What to produce
Quote exactly, and only, the lines from the one containing "nashville ruby film" through the end of the material below. Skip pictures.

Stored data
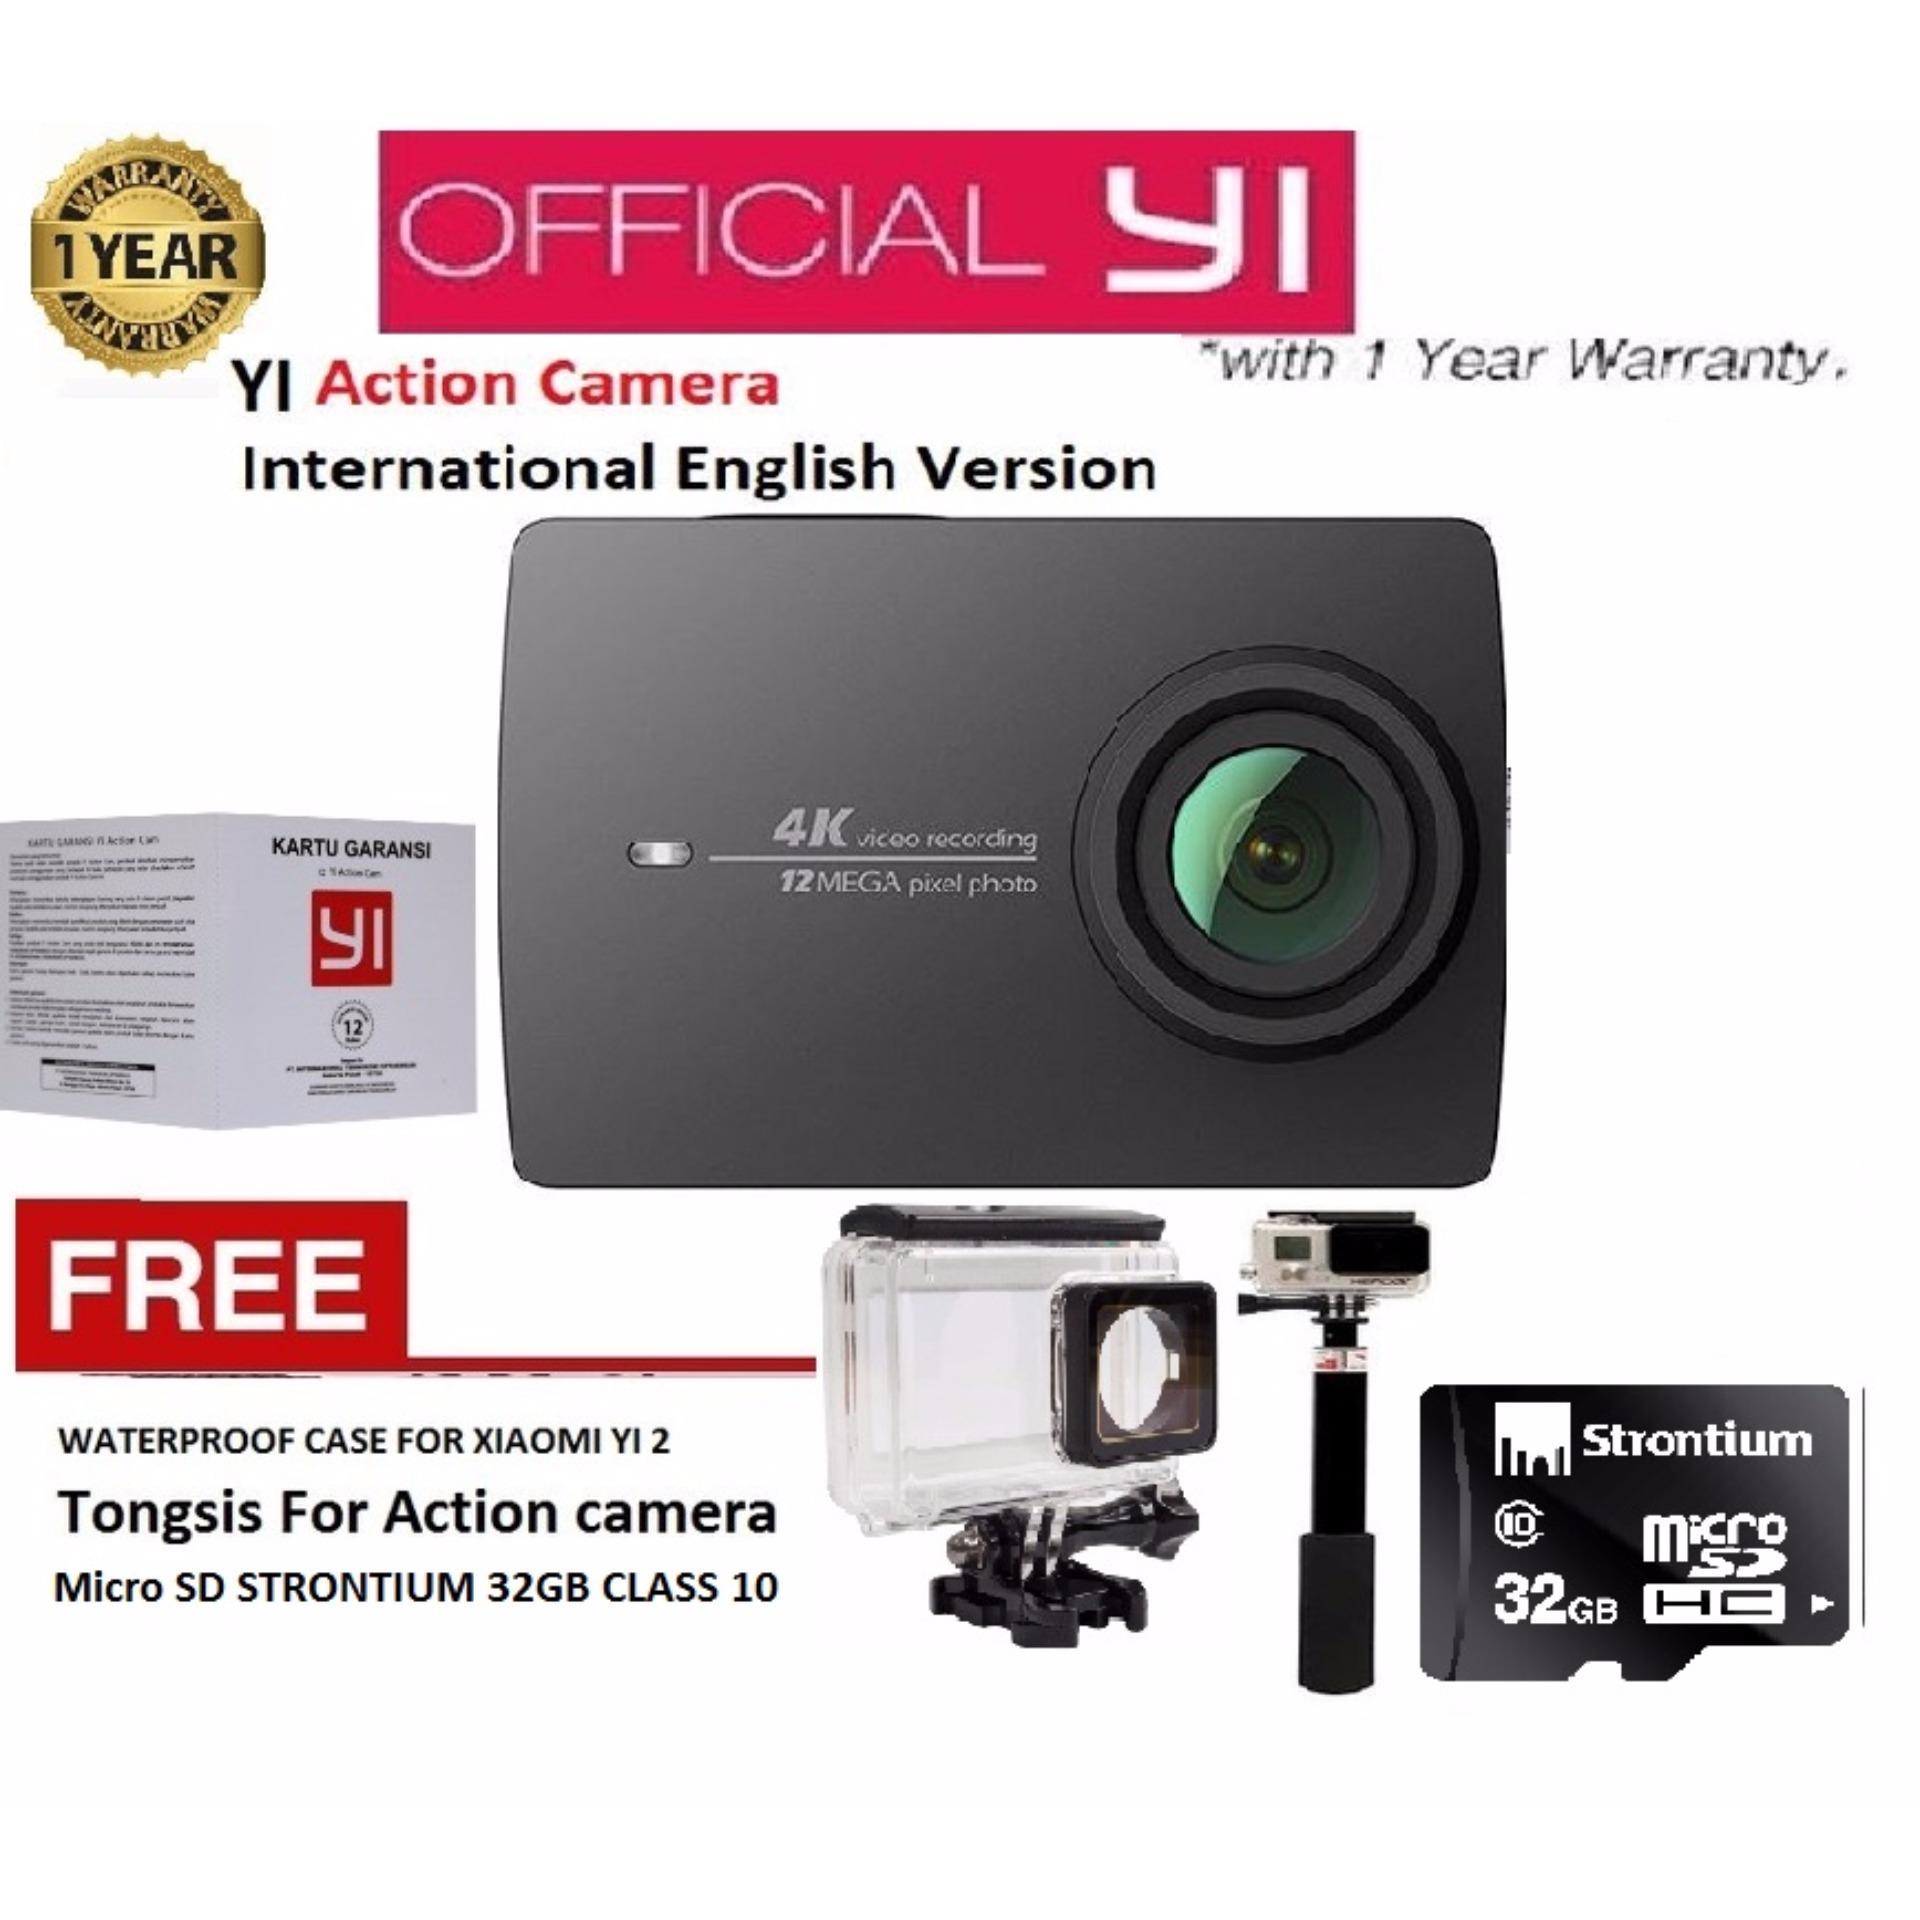 ... Xiaomi Yi 2nd Gen Action Camera With 4k - Hitam - International Version + Gratis Tongsis ...
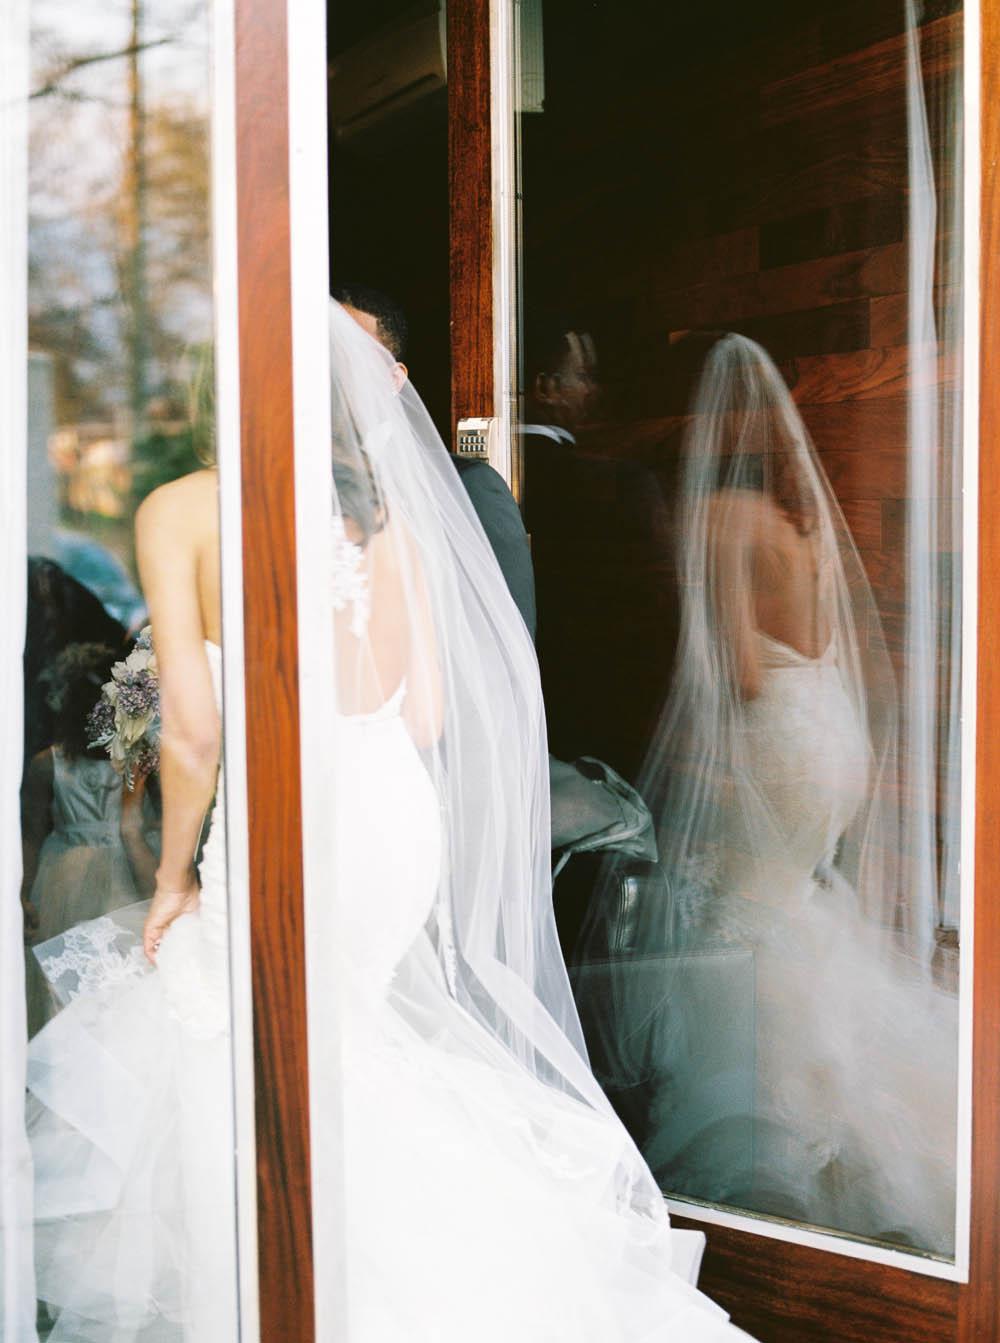 nashville ruby film documentary wedding photographer heartfelt real moments african american wedding munalachi bride ©2016abigailbobophotography-38.jpg
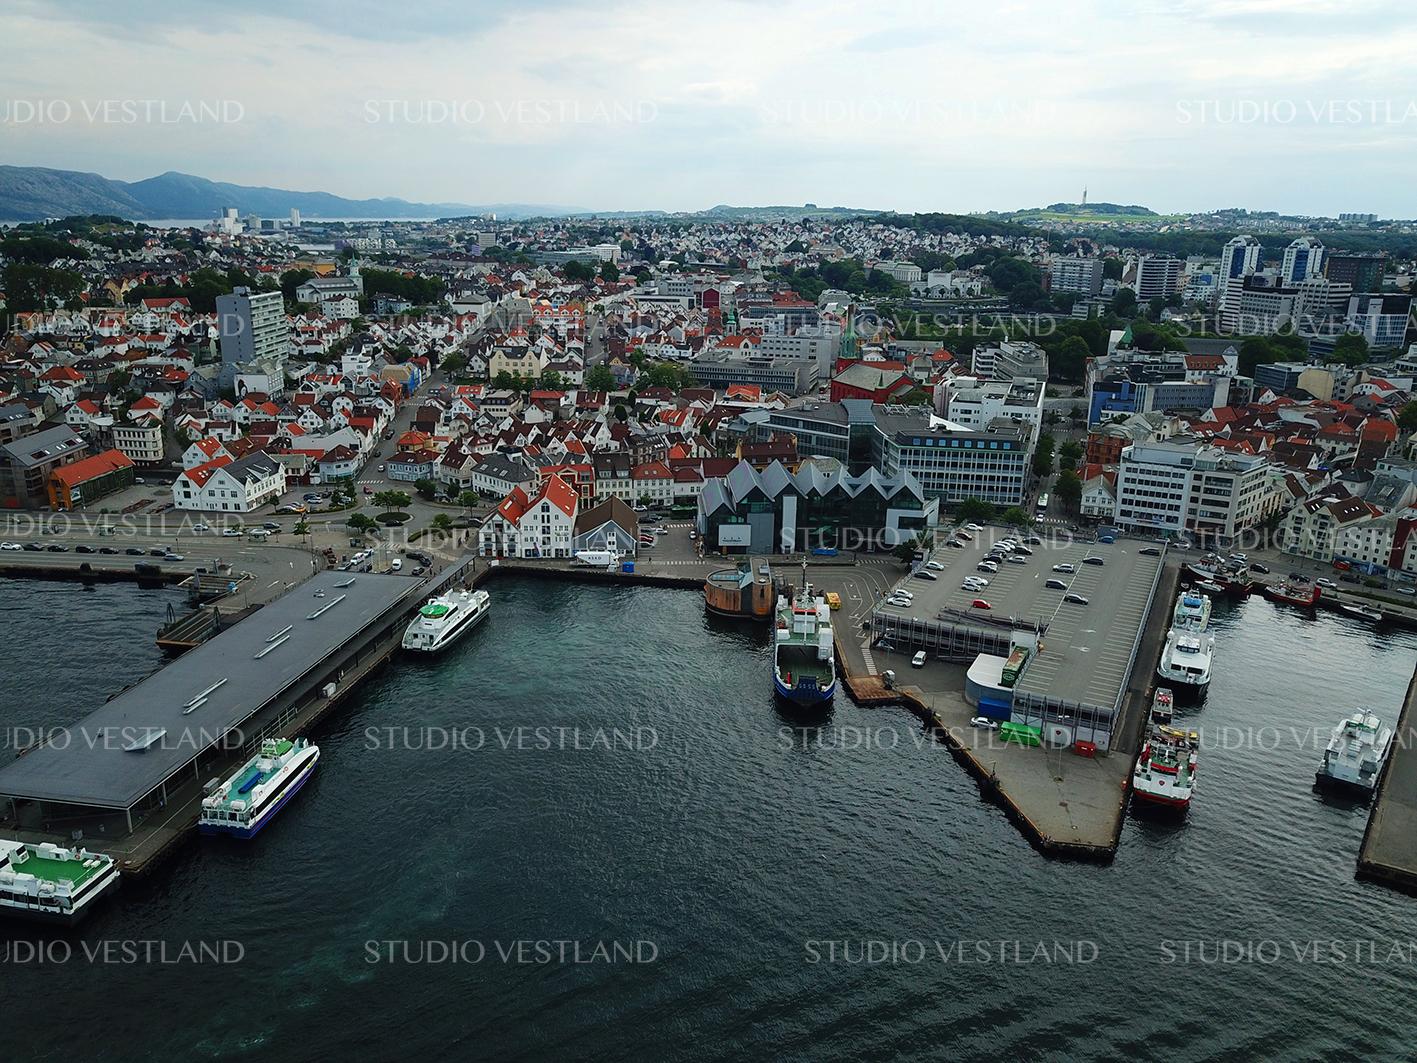 Studio Vestland - Stavanger 20

Answer box
 nashville ruby film documentary wedding photographer heartfelt real moments african american wedding munalachi bride ©2016abigailbobophotography-38.jpg
 Studio Vestland - Stavanger 20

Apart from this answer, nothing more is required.